2. The threat analysis system according to claim 1, wherein the
hardware processor is configured to execute a software code to:
detect an email log likely to represent a threat, and generate
flagged data based on a flag condition for determining whether a
predetermined character string is included in a sender of the email
or not.
3. The threat analysis system according to claim 1, wherein the
flag condition includes a condition used to determine whether or
not to include a character string exceeding a predetermined
frequency among character strings contained in logs determined to
represent threats in the past.
4. The threat analysis system according to claim 1, wherein a
setting range of a flag is determined as the flag condition
according to a distribution of sizes of logs to be determined.

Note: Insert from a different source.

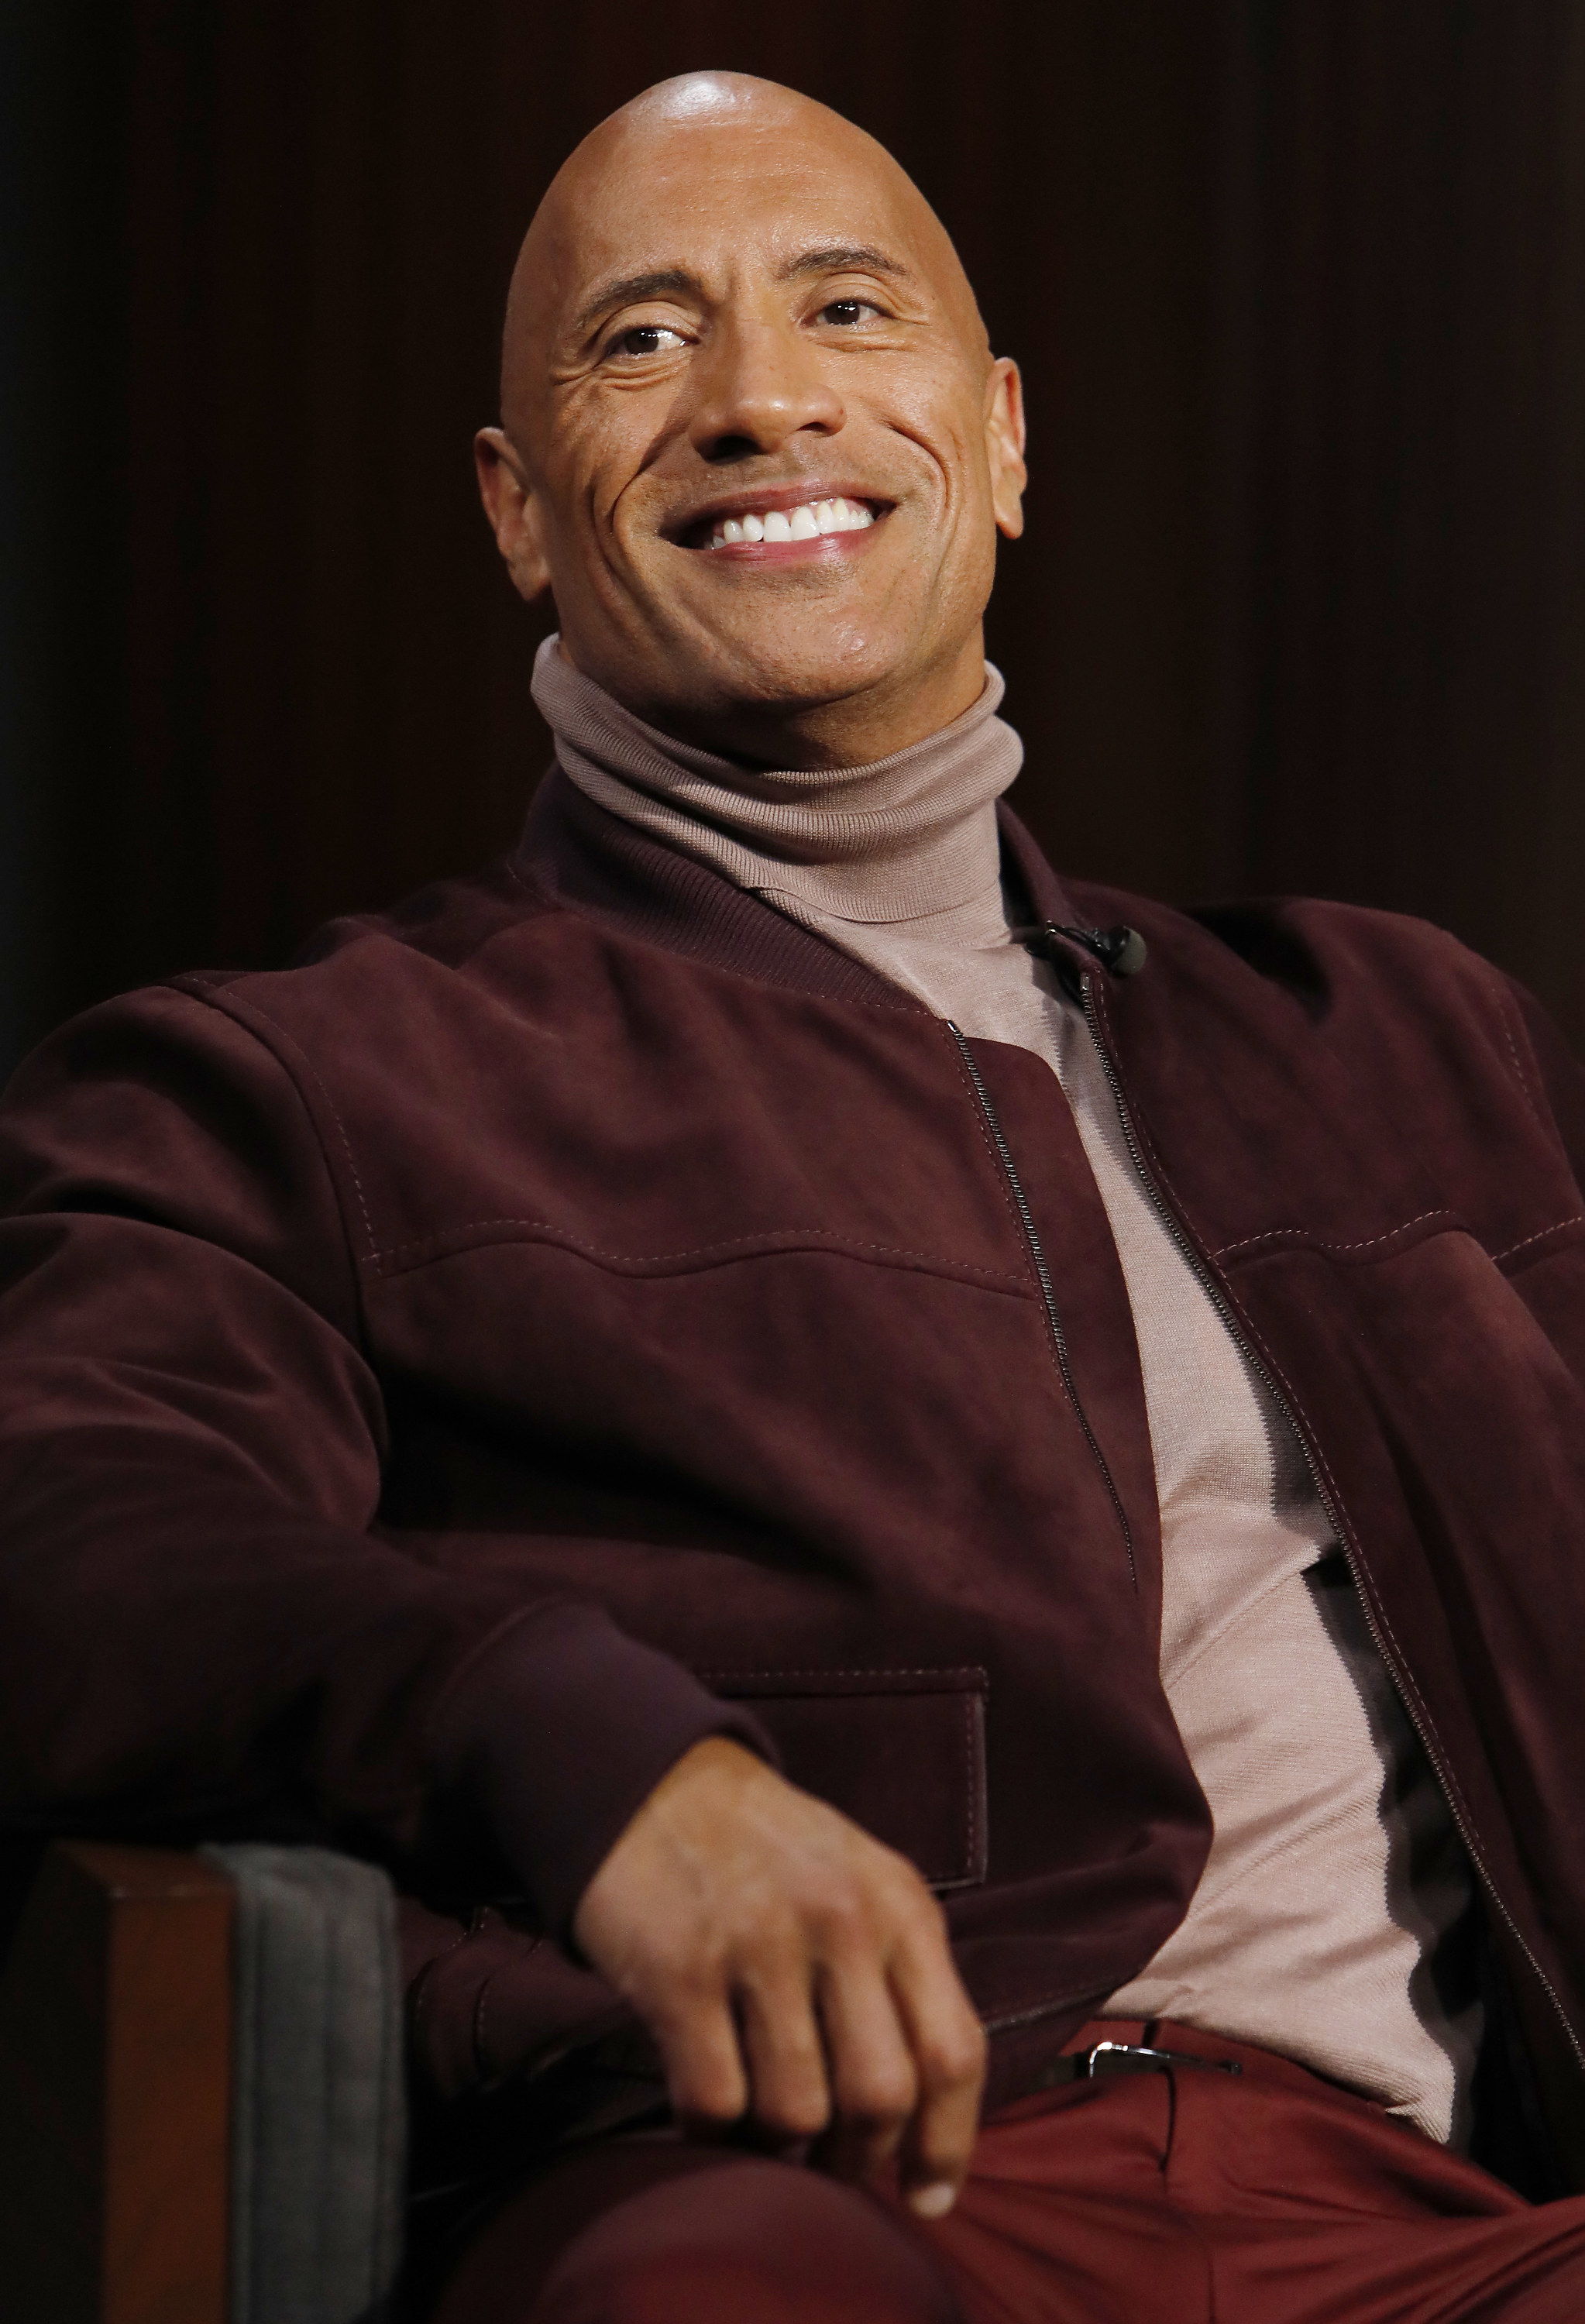 Dwayne Johnson seated and smiling

5. The threat analysis system according to claim 1, wherein the
hardware processor is configured to execute a software code to:
learn a model using learning data in which the log as a source with
the flagged data generated therefrom is associated with information
indicative of whether the log represents a threat or not, and apply
the flagged data to the model to determine whether the log as a
source with the flagged data generated therefrom is a log
representing a threat or not.
6. A threat analysis method comprising: detecting a log likely to
represent a threat from among acquired logs; generating flagged
data obtained by flagging the detected log based on a flag
condition that defines a flag to be set according to a condition
that the log satisfies; applying the flagged data to a model in
which the flag is set as an explanatory variable and whether to
represent a threat or not is set as an objective variable to
determine whether the log as a source with the flagged data
generated therefrom is a log representing a threat or not; and
outputting a determination result indicative of whether the log is
a log representing a threat or not.
7. The threat analysis method according to claim 6, wherein an
email log likely to represent a threat is detected, and flagged
data is generated based on a flag condition for determining whether
a predetermined character string is included in a sender of the
email or not.
8. A non-transitory computer readable information recording medium
storing a threat analysis program, when executed by a processor,
that performs a method for: detecting a log likely to represent a
threat from among acquired logs; generating flagged data obtained
by flagging the detected log based on a flag condition that defines
a flag to be set according to a condition that the log satisfies;
applying the flagged data to a model in which the flag is set as an
explanatory variable and whether to represent a threat or not is
set as an objective variable to determine whether the log as a
source with the flagged data generated therefrom is a log
representing a threat or not; and outputting a determination result
indicative of whether the log is a log representing a threat or
not.
9. The non-transitory computer readable information recording
medium according to claim 9, wherein an email log likely to
represent a threat is detected, and flagged data is generated based
on a flag condition for determining whether a predetermined
character string is included in a sender of the email or not.
Description
TECHNICAL FIELD
[0001] The present invention relates to a threat analysis system, a
threat analysis method, and a threat analysis program for analyzing
a threat from collected logs.
BACKGROUND ART
[0002] With the recent expansion of cyberattacks, the demand for
SOC (Security Operation Center)/CSIRT (Computer Security Incident
Response Team) has been increasing. Specifically, the SOC/CSIRT
conducts the analysis of and countermeasures against a threat based
on advanced knowledge in SIEM (Security Information and Event
Management) analysis business.
[0003] Further, various methods of detecting a threat are proposed.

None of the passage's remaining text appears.